S. Korea activists launch anti-North leaflets despite threat

SEOUL - A group of South Korean activists on Sunday launched tens of thousands of leaflets across the border carrying messages criticising North Korea's ruling dynasty, defying threats from Pyongyang to attack them.

Some 10 members of Fighters for Free North Korea (FFNK), a Seoul-based group of North Korean defectors, released 10 giant, gas-filled balloons carrying some 200,000 leaflets across the heavily-fortified border to the North.

The leaflets criticise the Kim dynasty including current leader Kim Jong-Un and blame them for the vast gap between the impoverished, isolated North and economically advanced South.

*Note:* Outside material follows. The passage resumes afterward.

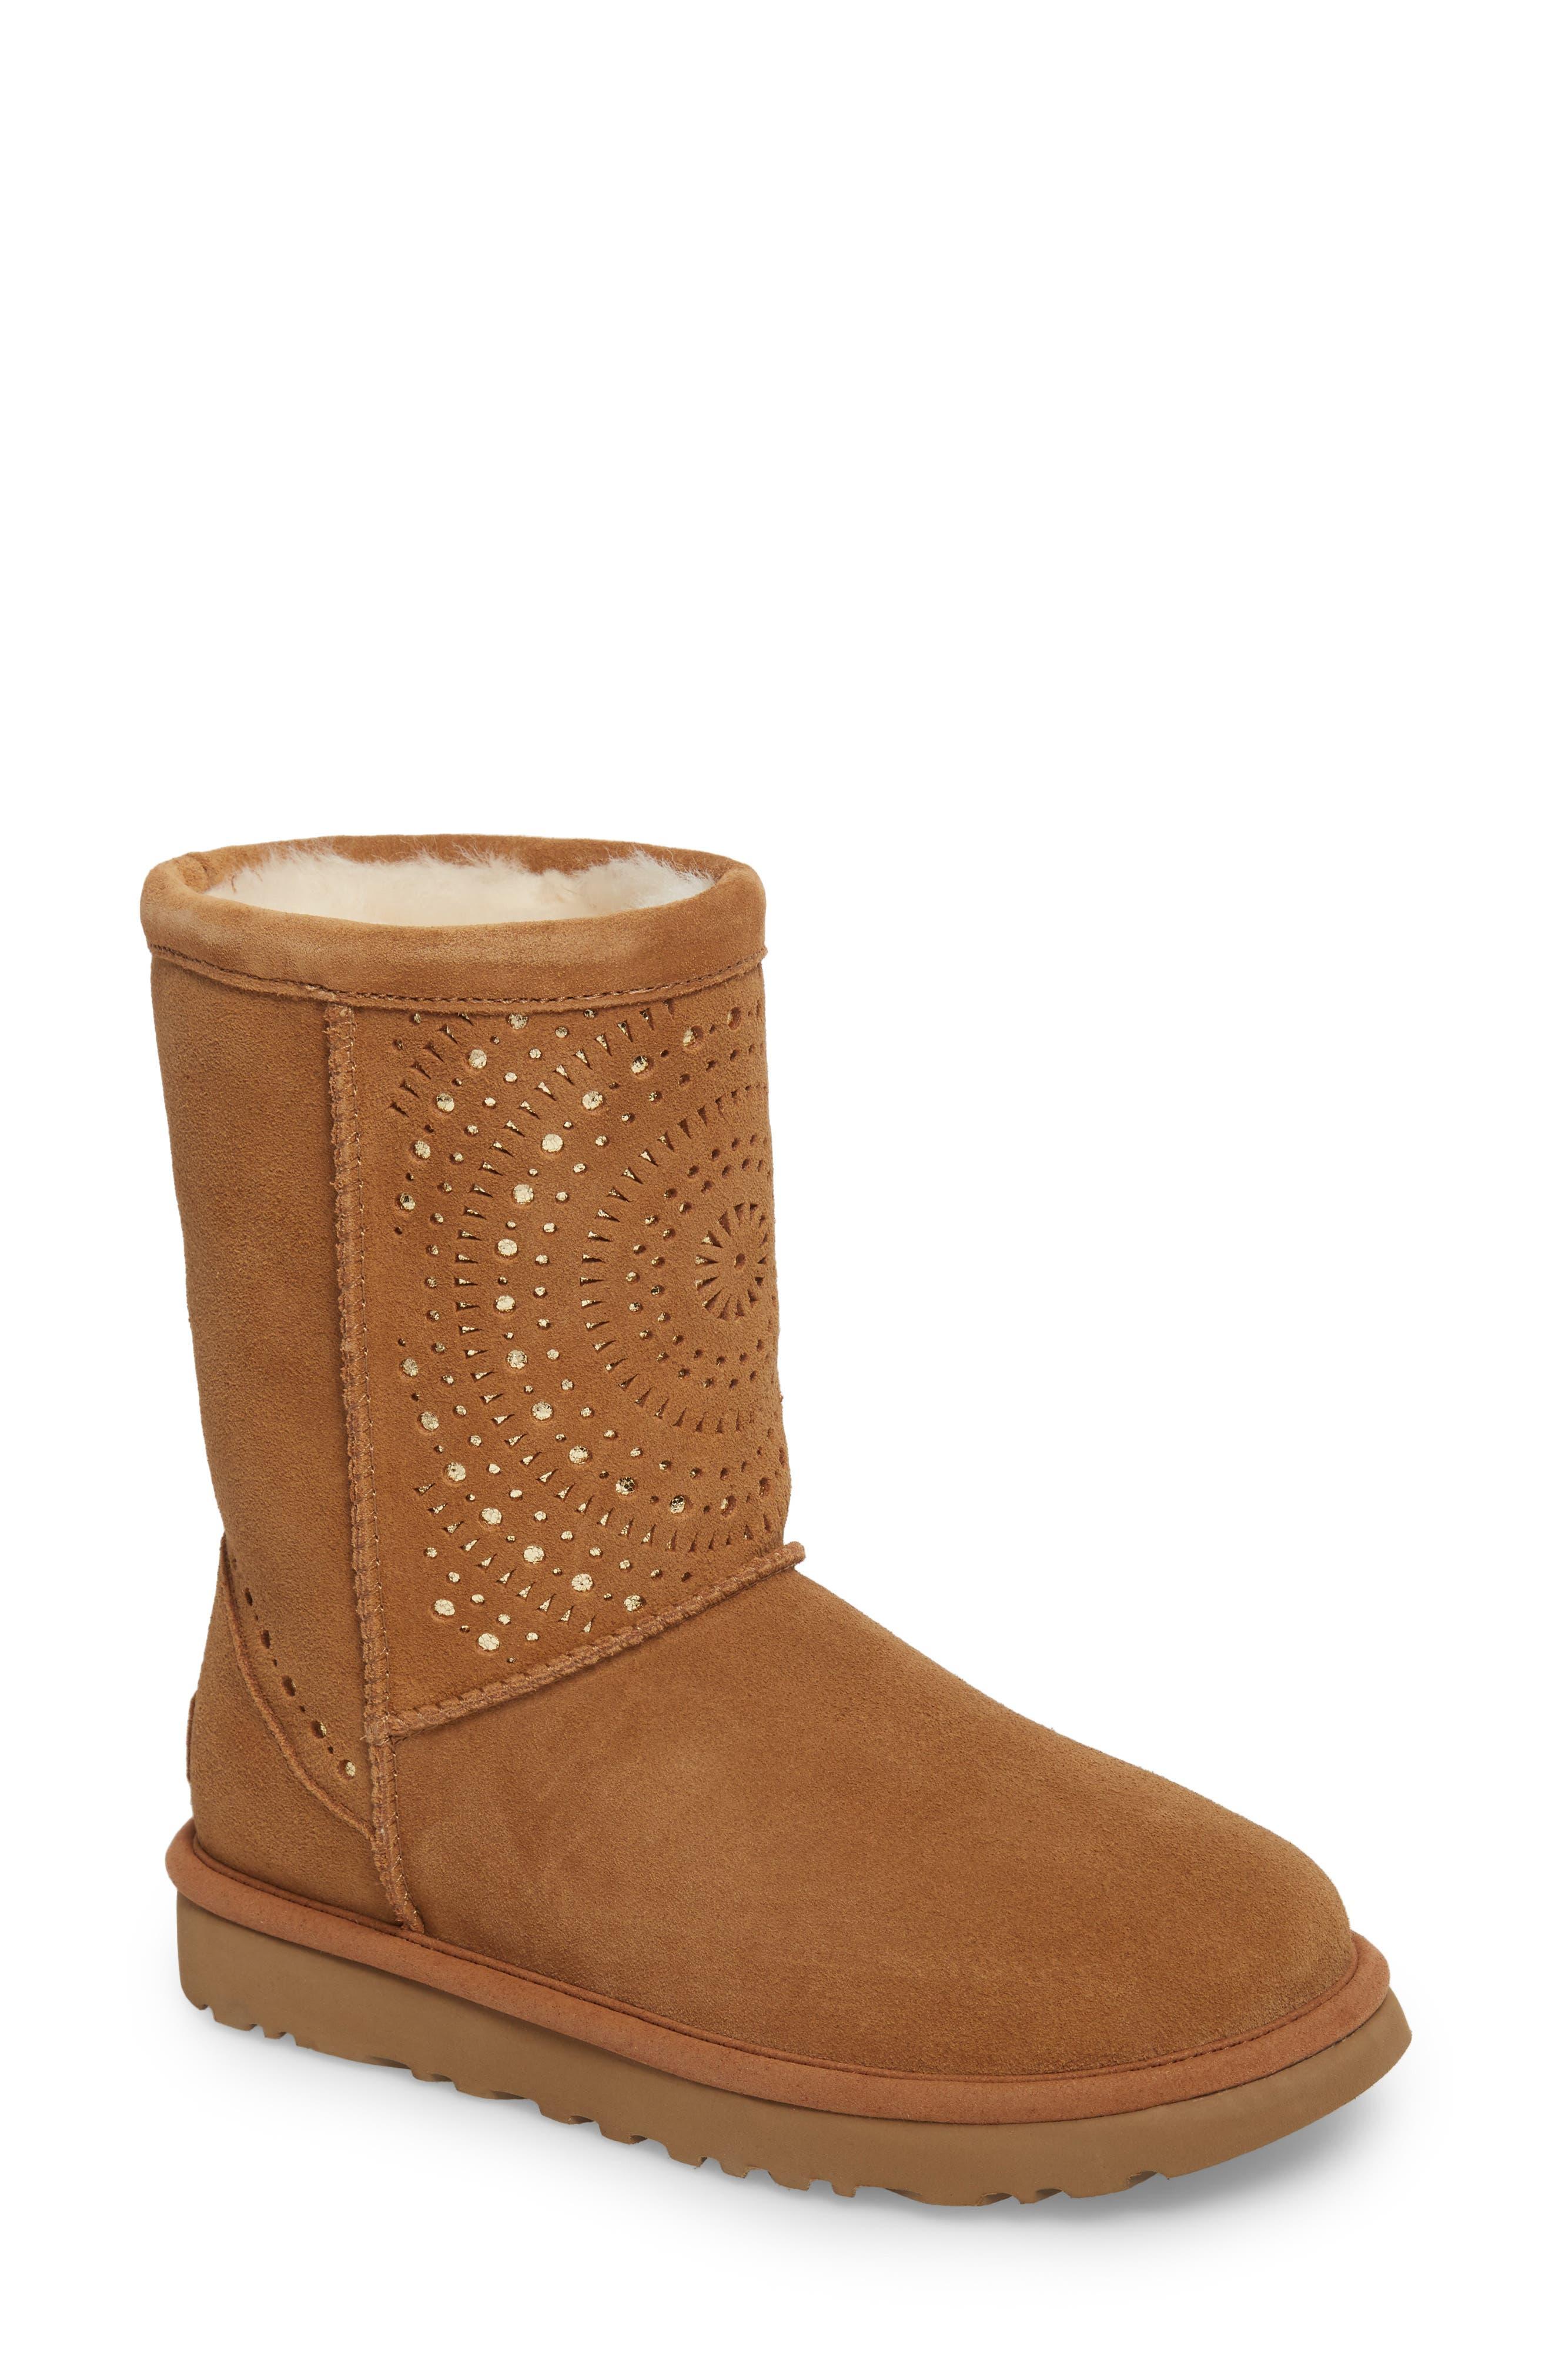 Main Image - UGG® Classic Short Sunshine Perforated Boot (Women)

The latest leaflet launch came a day after the North issued angry warnings that it would "attack the source of provocation".

Pyongyang's official Internet website warned that Seoul would face "unpredictable consequences" if it allowed the defectors to go ahead with the launch.

The North, whose citizens are barred from accessing outside information including the Internet, has always reacted angrily to such launch of leaflets.

It made an unusual move last week by sending a rare message to the South Korean president's office, demanding an end to such anti-Pyongyang leaflets.

"Despite all the blackmail and threats, we will continue to send the letters of truth until the North's people achieve freedom," FFNK leader Park Sang-Hak said after releasing the balloons Sunday from the border city of Paju.

Seoul did not block the launch, unlike in the past when it has often stopped such events held in the wake of unusually hostile warnings from Pyongyang.

But a group of left-wing activists held a separate protest near the launch site, urging them to stop the action and accusing them of escalating tension on the peninsula.

Sunday's launch came as the Asian Games were underway in the South Korean port city of Incheon, with 150 North Korean athletes taking part.

The rare visit by North Koreans to the South came after months of tortuous negotiations between the two sides amid high military tensions.

The northerners - whose presence is a major talking point in the Games - are being guarded by hundreds of security personnel and rarely speak to the media.